NASA / JPL-Caltech / Lizbeth B. De La Torre

Exoplanet K2-18b made headlines when researchers reported that JWST's observations of the planet were consistent with a habitable ocean world. Now, another team has published a different interpretation of the data, suggesting that the supposed water world is instead a gas-rich planet with no habitable surface.

Everyone wants to govern and find a habitable world

Artist's impression of K2-18b as an ocean world.
NASA/ESA, CSA/Joseph Olmsted (STScI)

The small, cool star K2-18 is home to two planets, one of which has attracted a lot of attention in the decade since its discovery. Recently, JWST data from K2-18b, an 8.6 Earth mass planet, revealed the presence of carbon dioxide and methane in the atmosphere. Some researchers have interpreted this data, along with the non-detection of ammonia, water, and carbon monoxide, to mean that K2-18b is a Hycean world: a rocky planet covered in oceans.

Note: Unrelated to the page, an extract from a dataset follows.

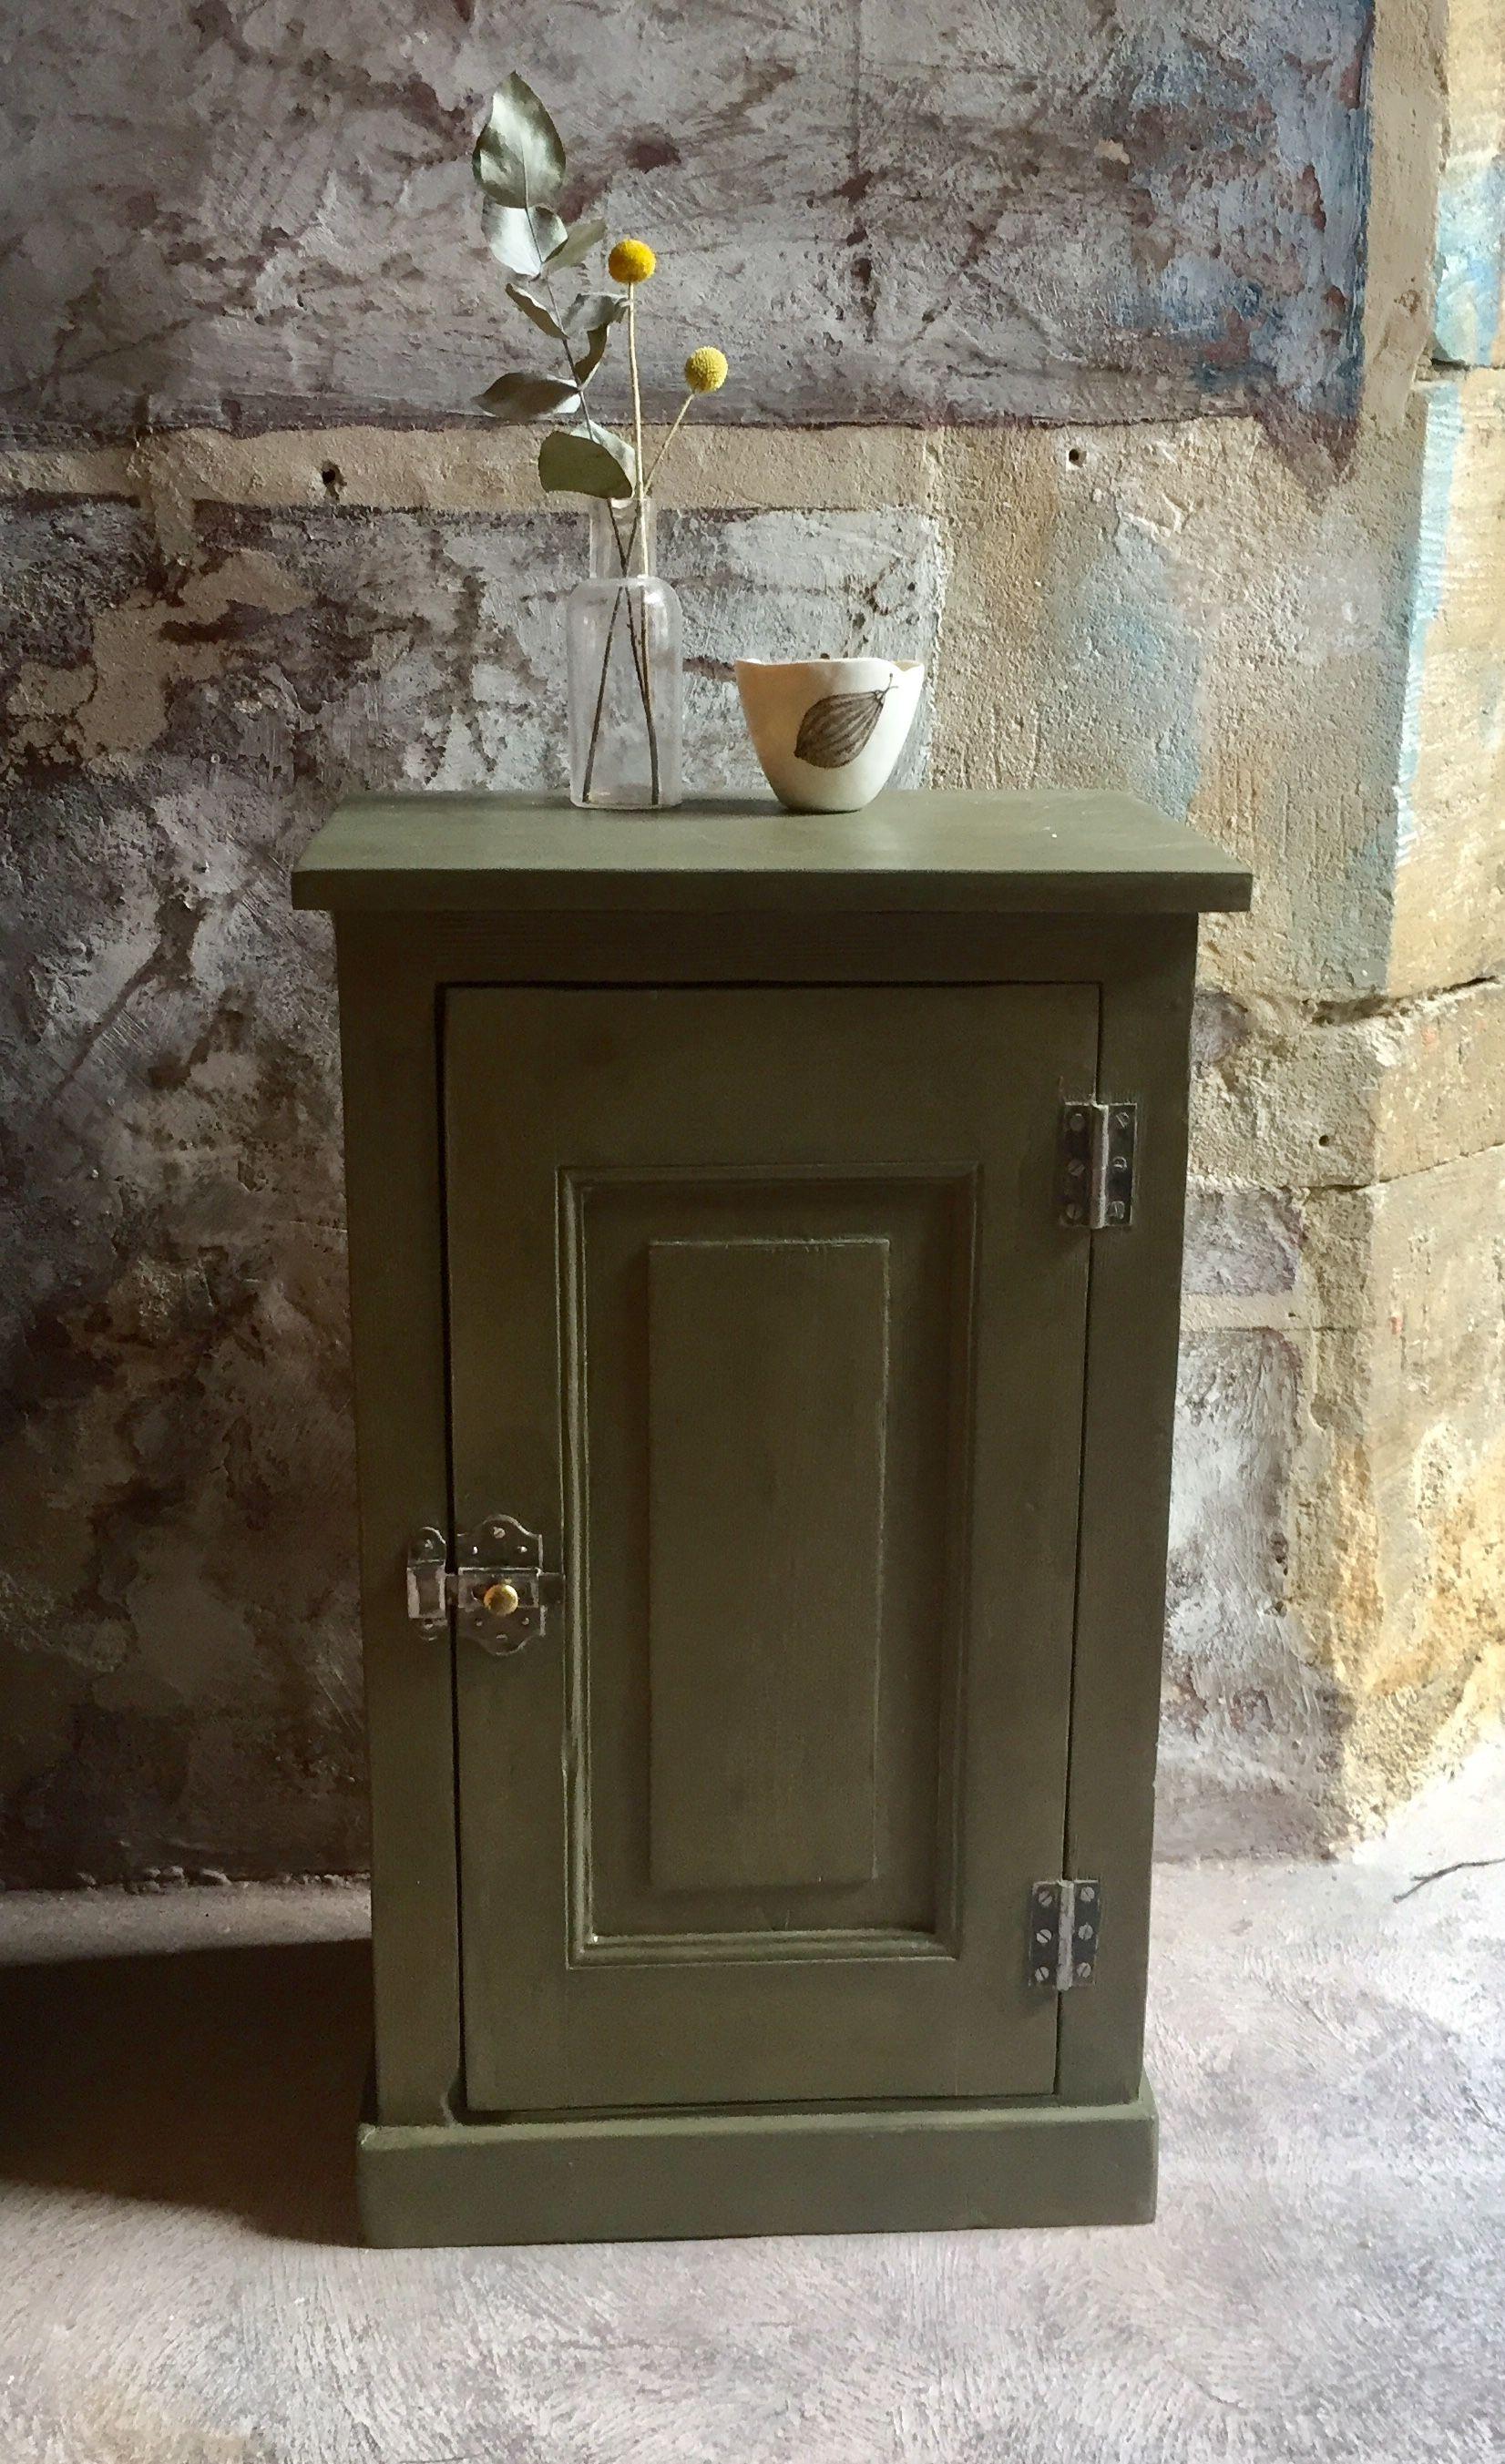 Meuble D Appoint Ancien Kaki Anniesloan Peinturealacraie Peindresansponcer Banaborose Mobilier De Salon Meuble De Metier Meuble Vintage
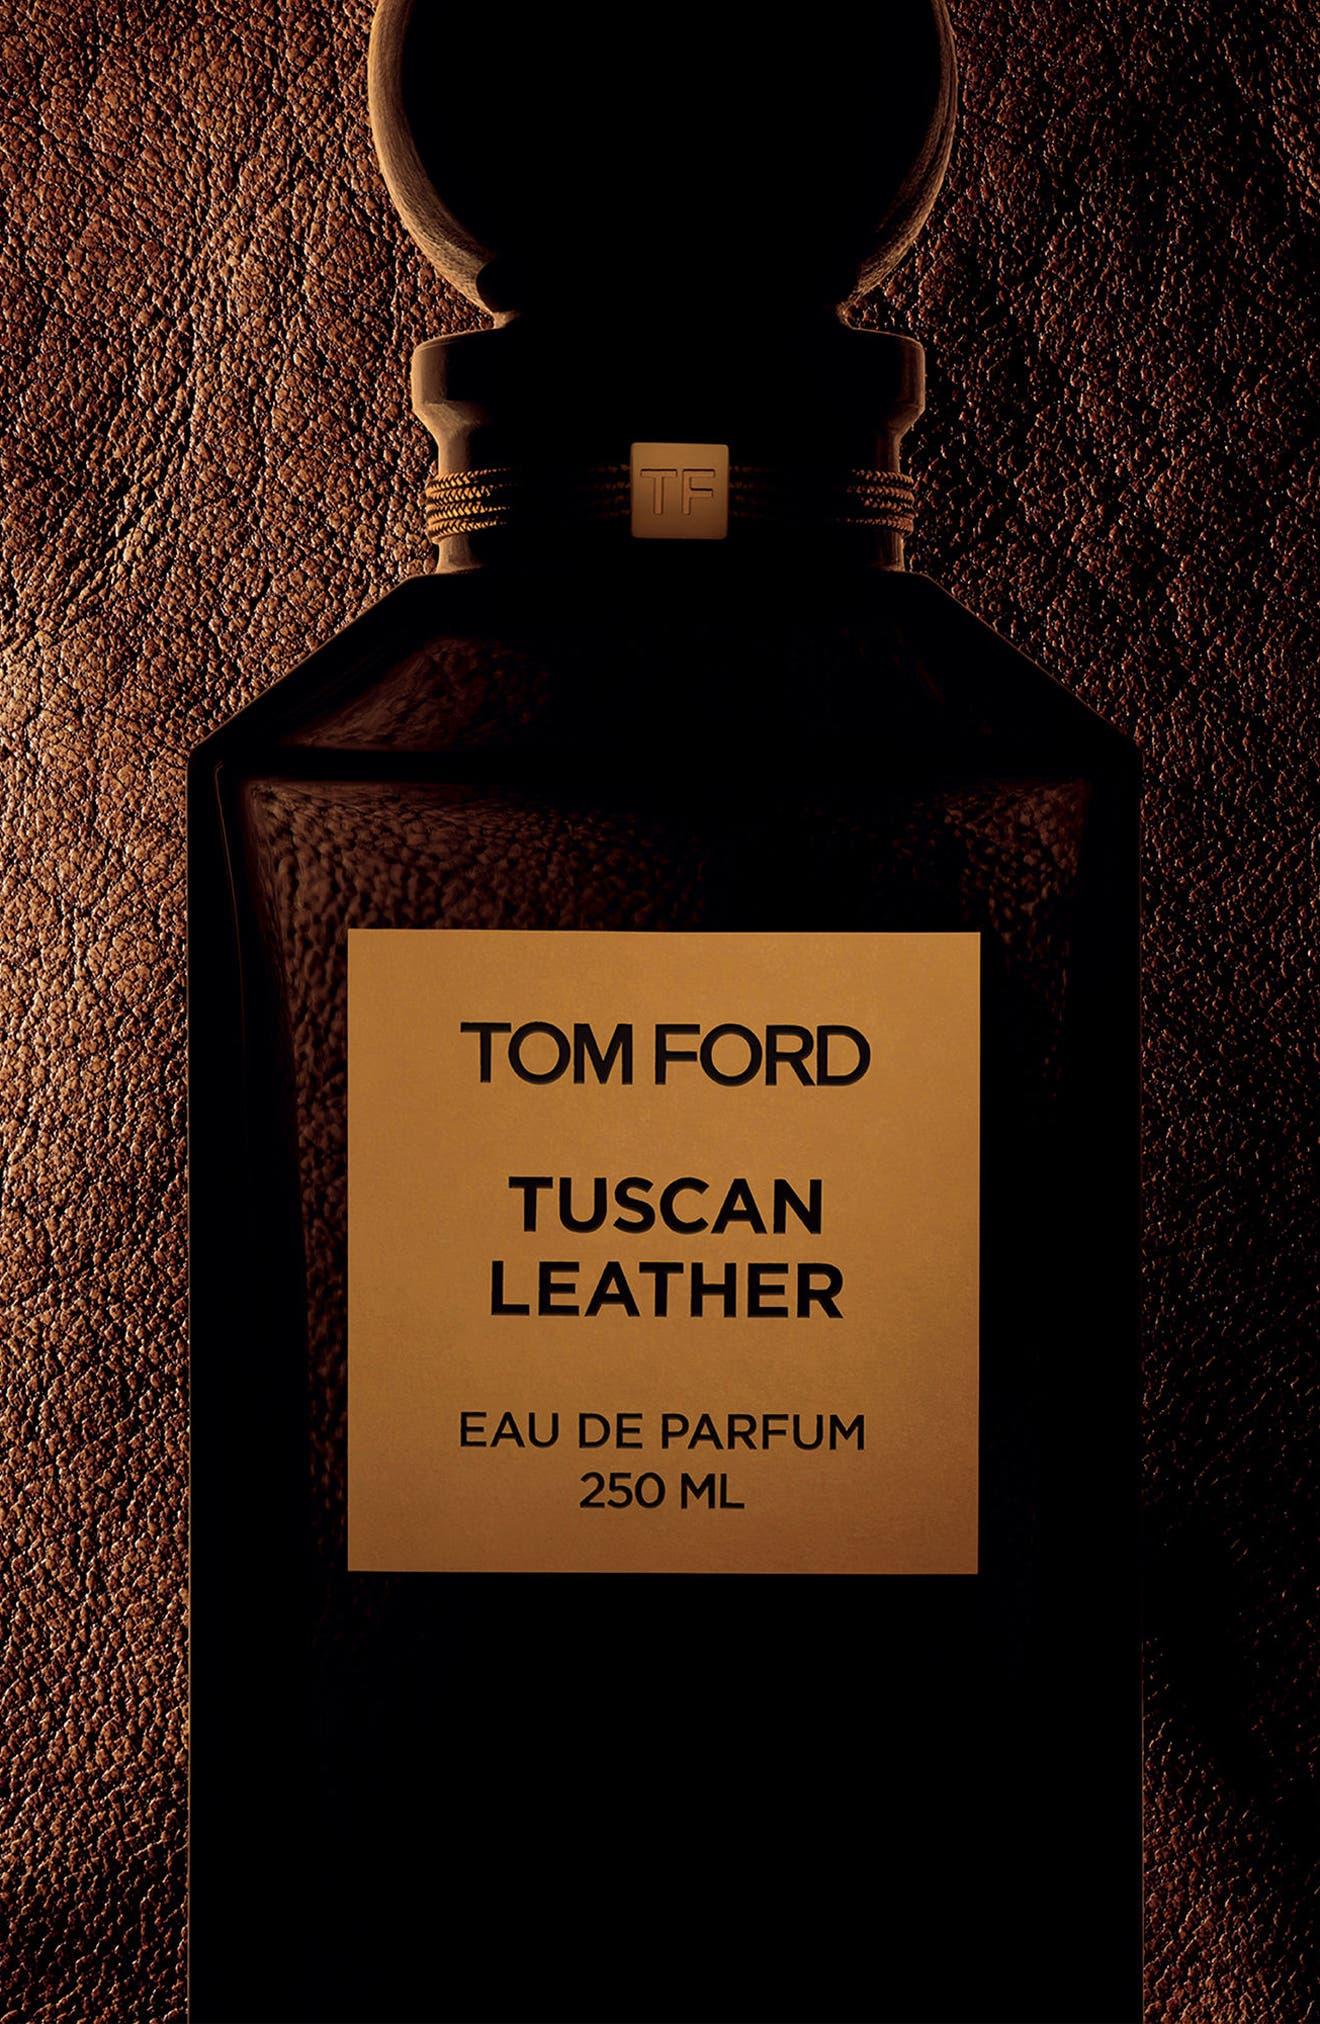 Private Blend Tuscan Leather Eau de Parfum Decanter,                             Alternate thumbnail 4, color,                             No Color

To make things more interesting, the same research team reported weak evidence for dimethyl sulfide, a compound that on Earth forms almost exclusively due to life. This led many viewers to the surprising conclusion that K2-18b is not only habitable but inhabited.

However, these intriguing interpretations are far from resolved. Is K2-18b really a habitable ocean world, or could alternative explanations fit the JWST data equally well?

World of water or planet of gas?

Example simulation result for K2-18b as a gas-rich planet without a habitable surface. Click to enlarge.
Wogan et al. 2024

A team led by Nicholas Wogan (NASA Ames Research Center and University of Washington) addressed this question by applying two sets of models to the JWST data. The first set describes rocky planets with oceans on the surface, with and without life, and the second set describes gaseous planets without a surface and without life. The models predict the planet's photochemistry (chemical reactions in the atmosphere driven by photons from the host star) and climate.

Wogan's team found that K2-18b is unlikely to be a lifeless water world, since this type of planet would not contain enough methane in its atmosphere to produce the signal seen in JWST observations. Interestingly, an aquatic world with microbial life is more promising: acetotrophic methanotrophs (a twisted name for simple methane-producing organisms) may be able to produce the supply of methane seen in the planet's atmosphere.

Not so fast…

JWST transmission spectra (black and gray dots with error bars) and modeled spectra for K2-18b as a lifeless ocean world (top left), a lifeless ocean world (bottom left), and a lifeless planet rich in gas (bottom right) . Click to enlarge.
Wogan et al. 2024

As exciting as it may sound, Wogan and his collaborators found that the gas-rich uninhabitable exoplanet model fits the JWST data equally well, and this model may pose fewer problems. Not only does the ocean world model require life to explain its atmospheric composition, but it is also difficult to reconcile the necessary cold surface temperature with the high probability that the planet will experience a runaway greenhouse effect.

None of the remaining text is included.